İlgili sendikanın yetkili olduğu 2015 yılı Şubat görüşmelerinde, yetkili sendika 6 aylık periyotlarla 6 taksitle promosyon ödemesine imza atmış ve sonrasında eğitim camiasından gelen tepkiler üzerine çark etmiş, sonrasında da iptali için uğraşılmış, nihayet yaşanan onca karmaşadan sonra ihale bitirilebilmişti. Bugün bize ne faydası var diyenler o gün kendi faydasızlıklarını belgelemişlerdi.

Bu süreçten sonra gerek üniversitemiz gerekse MEB'de yetkili sendika olarak girdiğimiz görüşmelerde ilgili kurum yetkililerinin bütün olmazlarına ve itirazlarına rağmen, bankaya sonradan katılan çalışanların da promosyon alması, gidenin ise geri ödememesi, peşin alınmasını, işlemlerden hiçbir ücret alınmaması gibi ana konuları şartnamede olmazsa olmazımız olarak ortaya koyduk. Üyelerimizle sürecin her aşamasını istişare ettik. Yaşanan olumsuzlukların önüne geçmek için tedbirlerimizi aldık. 81 il ve ilçelerimizde yapılan anlaşmaları kayıt altına aldık. Bütün bankaların dahil olabileceği rekabet ortamını oluşturmak için şartnameyi en ince detayına varıncaya değin çalıştık. Tabii TES Karaman Şubesindeki arkadaşlar promosyon çalışmalarını sadece ihale anından ibaret sandıkları için bu talihsiz açıklamayı yapmalarını çok görmüyoruz. Sadece taze şube başkanının ilk açıklamasını, bu güzel kazanımı hazmedememek üzerinden yapınca garipsediğimizi belirtmemiz gerekir. Keşke ortaya koyulan emeği ve bütün eğitim çalışanlarının memnun olduğu bu sonucu takdir edebilselerdi. Hepimizi temsil eden ve güzel bir kazanım elde eden yetkili sendikaya, ilgili kurum ve kuruluşlara teşekkür ediyoruz diyebilme erdemini gösterebilirlerdi ya da en azından susabilselerdi. Bu vesileyle biraz takdir kazanabilirlerdi. Maalesef bu fırsatı yine kaybettiler.

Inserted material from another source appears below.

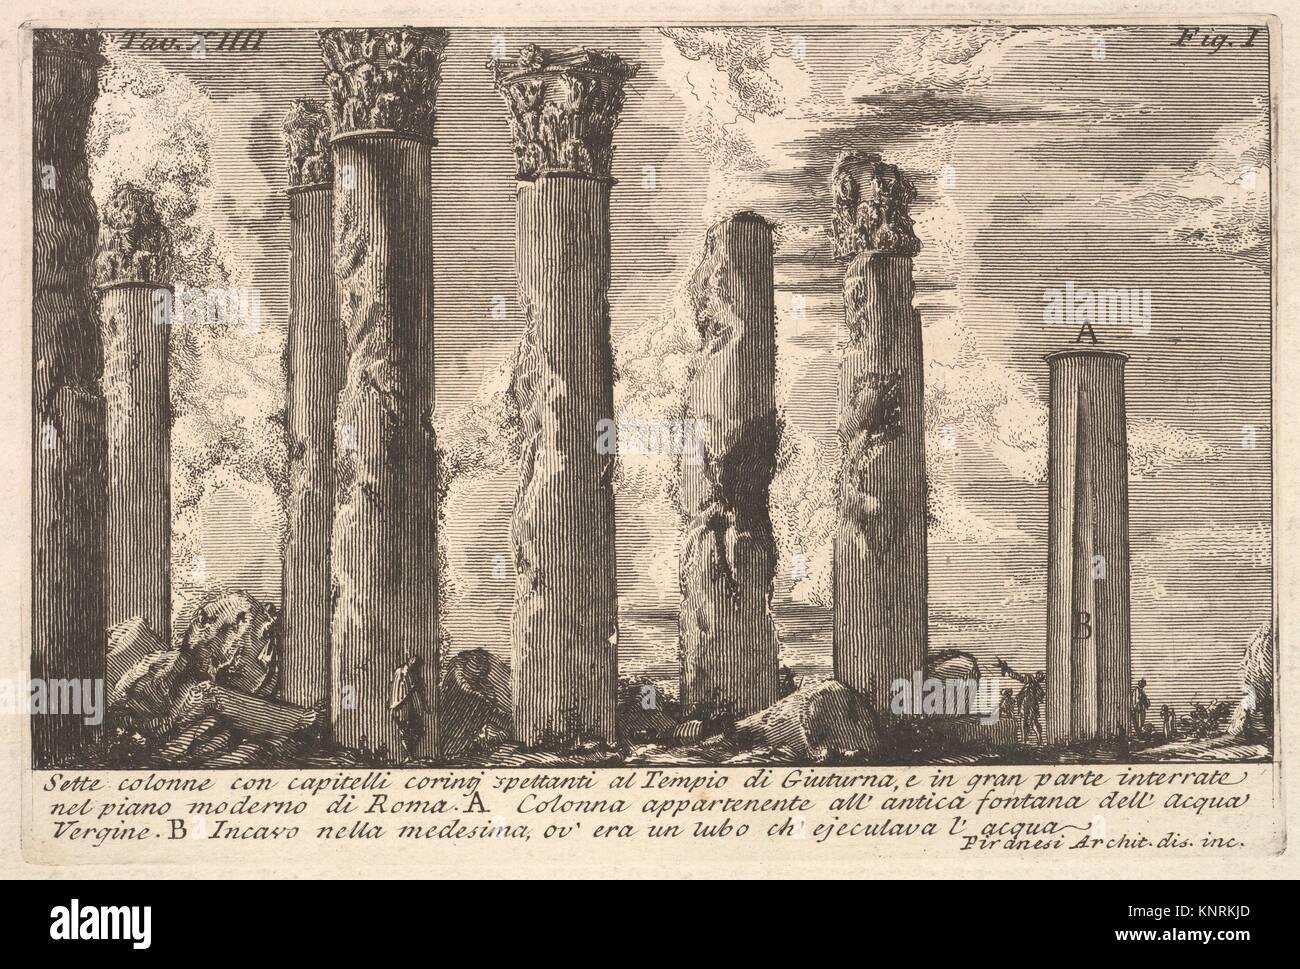 Sette colonne del tempio di Juturna con capitelli corinzi.(Sette colonne con capitelli Corinti spettanti al Tempio Immagini Stock

Söz konusu sendikanın hiçbir şey yapmadığımızı iddia ettiği son görüşme esnasında da genelge gereği orda olan sendika yetkilimiz; bütün Türkiye'de yapılan promosyon ihalelerine vakıf olduğumuzu beyan ederek, eğitim çalışanlarımıza hak ettiği kıymetin verilmesi gerektiğini aksi taktirde imza atmayacağımızı açıkça deklare etmiştir. Buna gözlemci sıfatıyla orada bulunan sendikalar da şahittir. Tabii kulaklarını sıkıca kapatıp gözlerini yumanlara ne söylense kar etmez. Ama biz bu tavrı çok iyi biliyoruz: Toplu Sözleşme Masasında olduğu gibi erketeye yatıp aman fazla bir şey alınmasın demek için beklemek ve dışarıya bütün olumsuzlukları canlı yayınla sunup bilgi kirliliği oluşturmak, işveren karşısında eylem kırmak…Şunu sormak lazım promosyon görüşmelerini gözlemleyen söz konusu sendika yetkilisine ihalede rakamlar arttıkça sevindin mi yoksa tüh diyerek üzüldün mü? Bir de şöyle soralım soruyu, eğer bu promosyonda istenilen elde edilemeseydi siz yetkili sendika olan EBS hakkında nasıl bir açıklama yapacaktınız? Biz sizin pek marifetli olduğunuz o ip cambazlığınızla istenen alınamadığında bizim kaybettiğimizi söylediğinizi, bir kazanım olduğunda da siz ne yaptınız ki hükümet verdi dediğinizi çok iyi biliyoruz. Burada da aynı tavır içindesiniz. Öncesi itibariyle akıtılan tere ve verilen emeğe saygı duymayanın , emekçinin hakkını nasıl koruyacağını da kamuoyunun takdirine bırakıyoruz. Alelacele kaleme alınmış açıklamanın diğer kısımlarını da; bir müsabaka esnasında diğerinin başarısını görünce zırıncamaya başlayan ve tamam bunu yaptın ama bir de şu ağırlığı kaldırabilirsen kabul ederim diyen bir çocuğun haleti ruhiyesine benzetiyoruz. Bunu da başkanın henüz taze olmasına veriyoruz. Zamanla öğrenilecektir elbet. Ama bütün eğitim çalışanlarının istifade ettiği kazanımdan rahatsız olup bunu itibarsızlaştırmaya çalışmak nasıl bir ruh halidir ve nasıl bir sendikal anlayıştır? Bunu anlamakta gerçekten zorlanıyoruz.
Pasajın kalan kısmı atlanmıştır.